Work request —
Find the line below with "Website: facilities" and the line with "Wallpaper Sticker Keroppi". Output them and the lines between, exactly, but not the pictures.

Data supplied section start

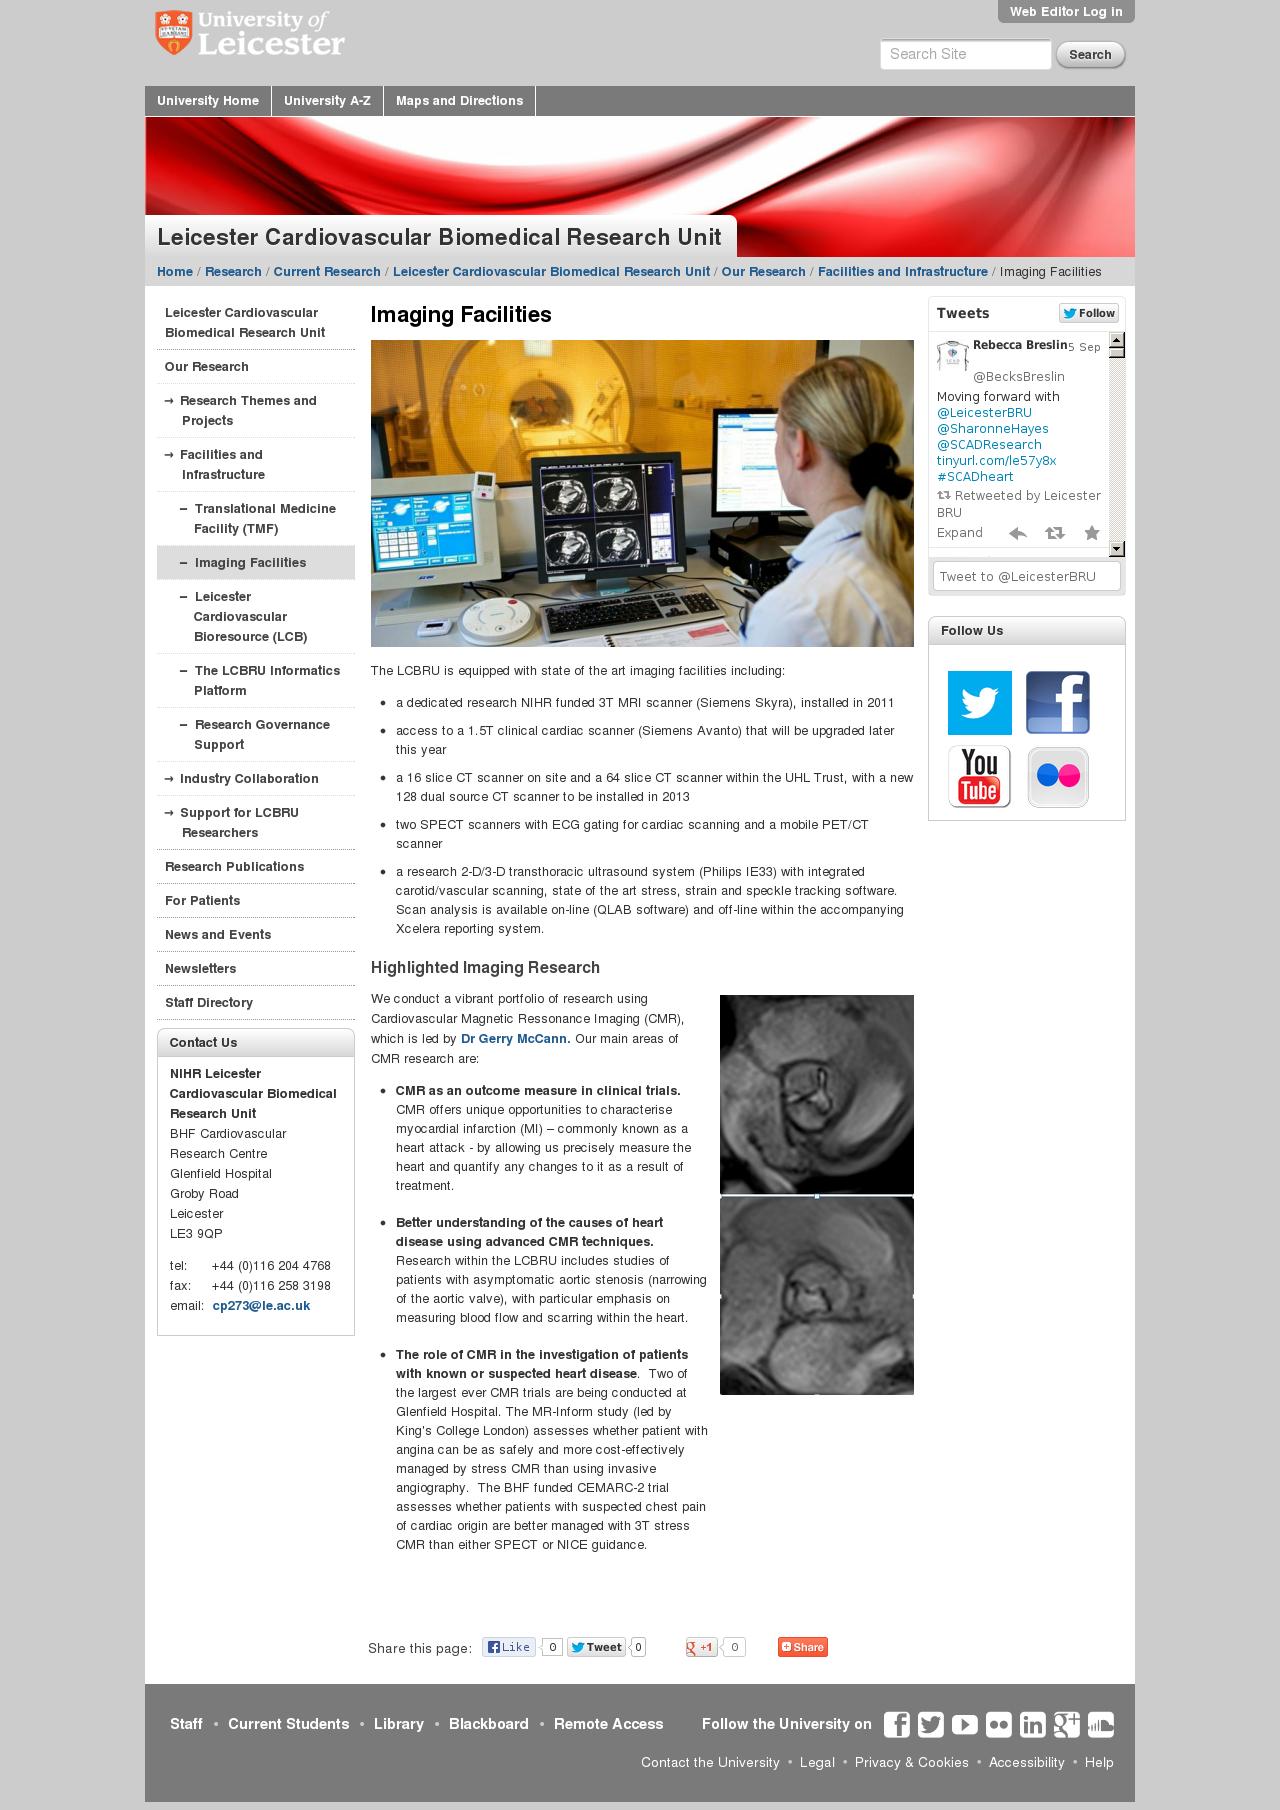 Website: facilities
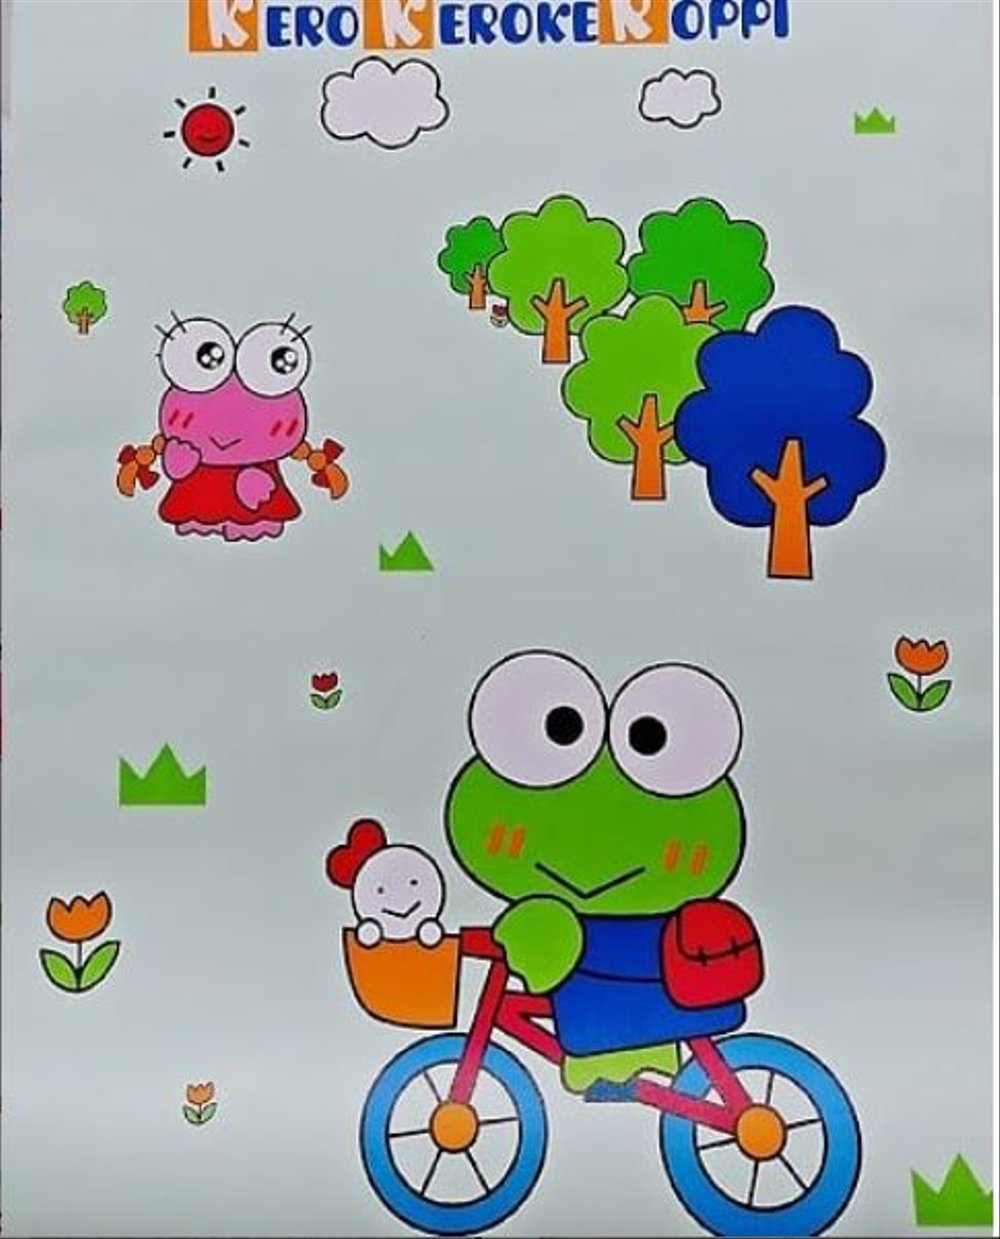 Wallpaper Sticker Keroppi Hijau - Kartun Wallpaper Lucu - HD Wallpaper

Data supplied section end
Data supplied section start

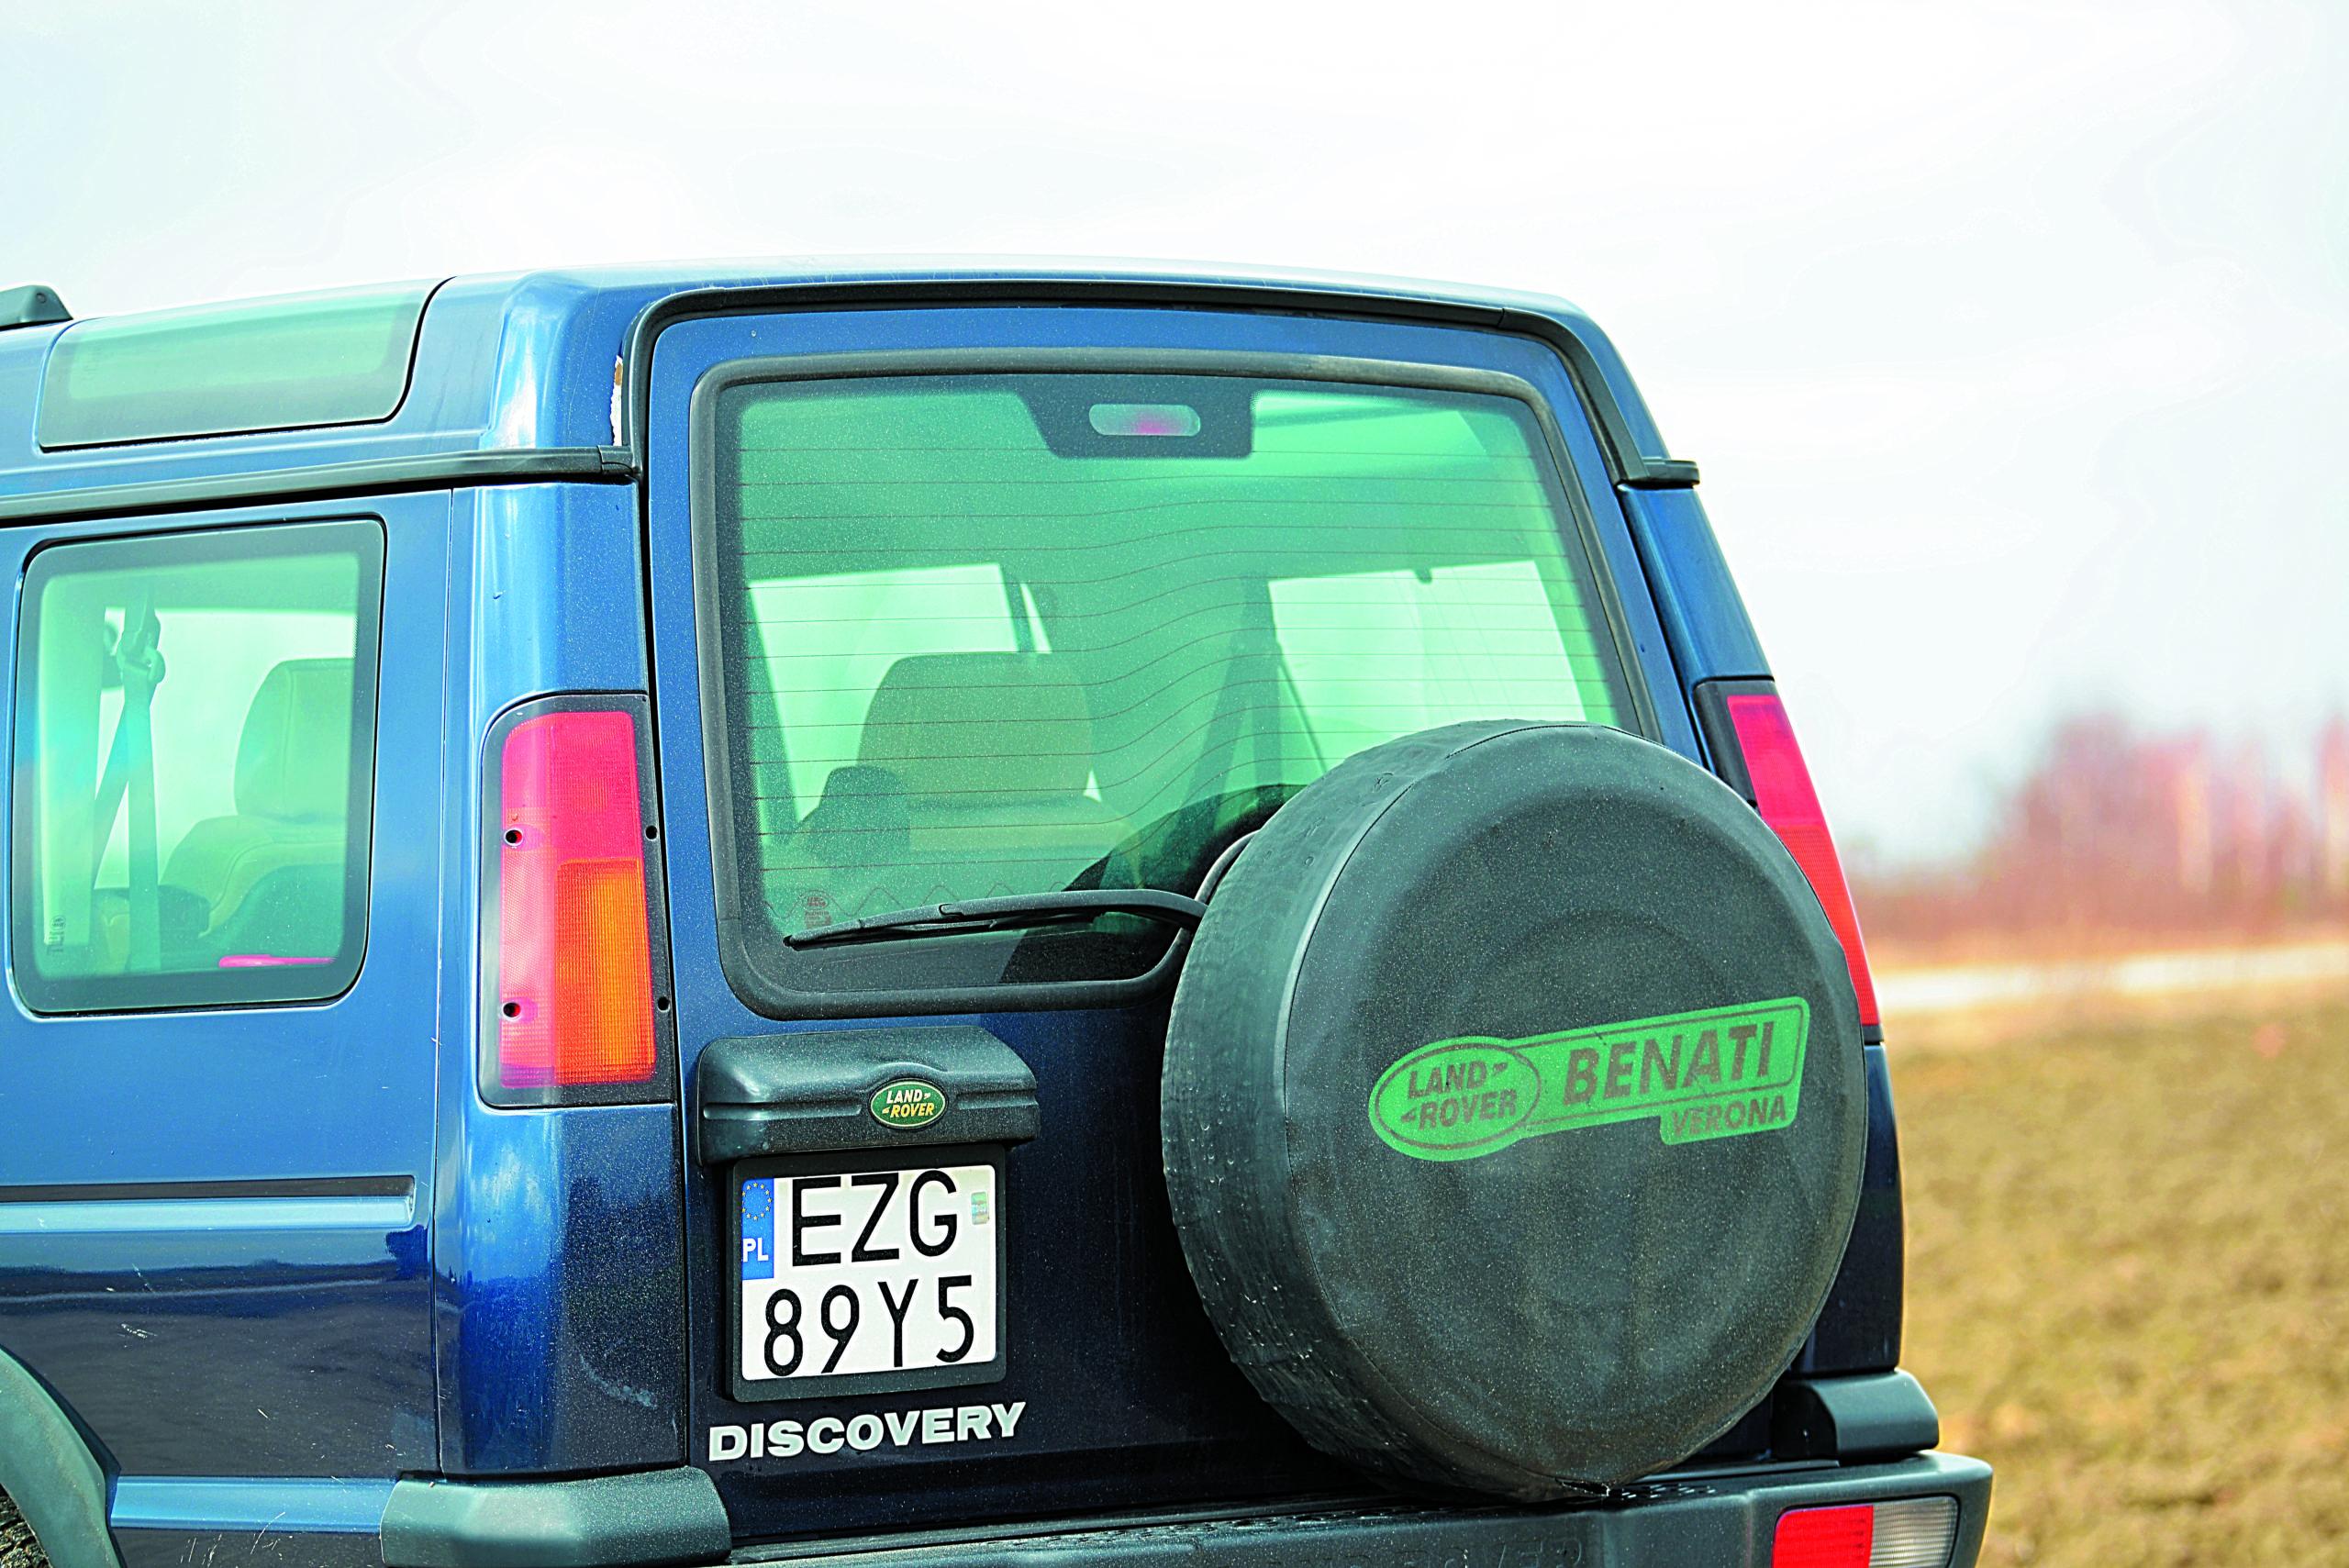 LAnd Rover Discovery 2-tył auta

Data supplied section end
Data supplied section start

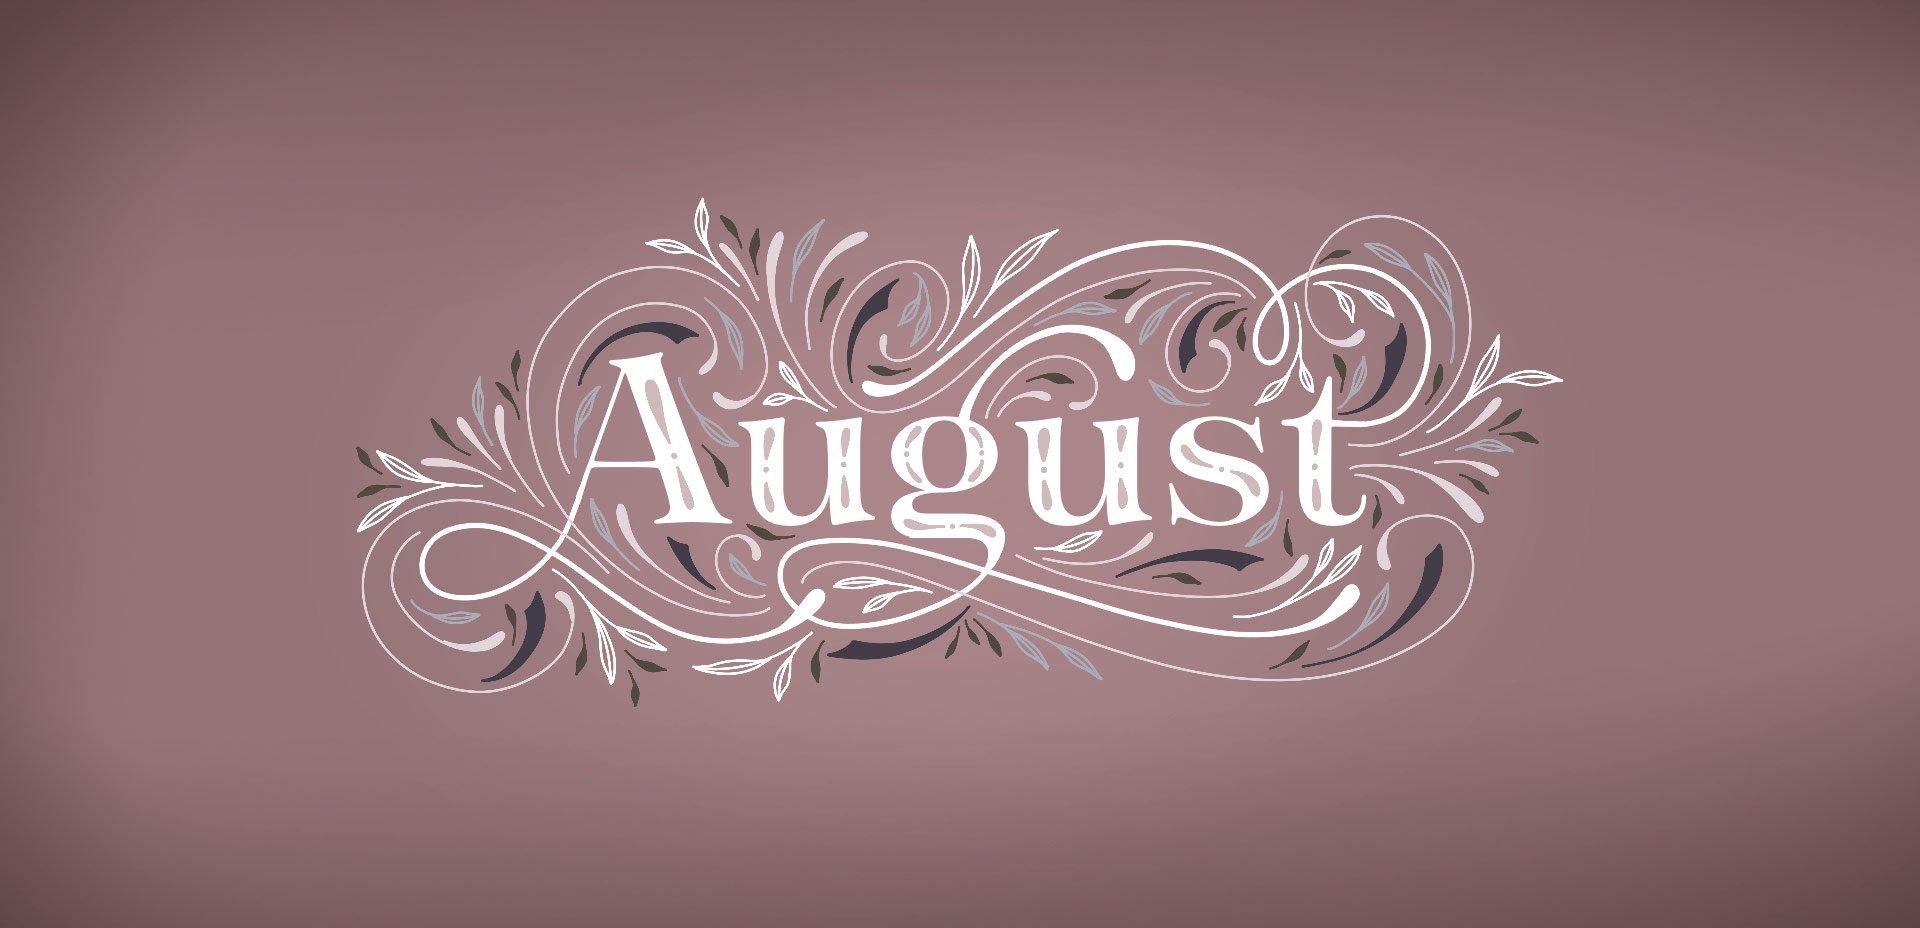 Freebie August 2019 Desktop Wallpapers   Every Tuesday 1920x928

Data supplied section end

Response —
 Website: facilities
 Wallpaper Sticker Keroppi Hijau - Kartun Wallpaper Lucu - HD Wallpaper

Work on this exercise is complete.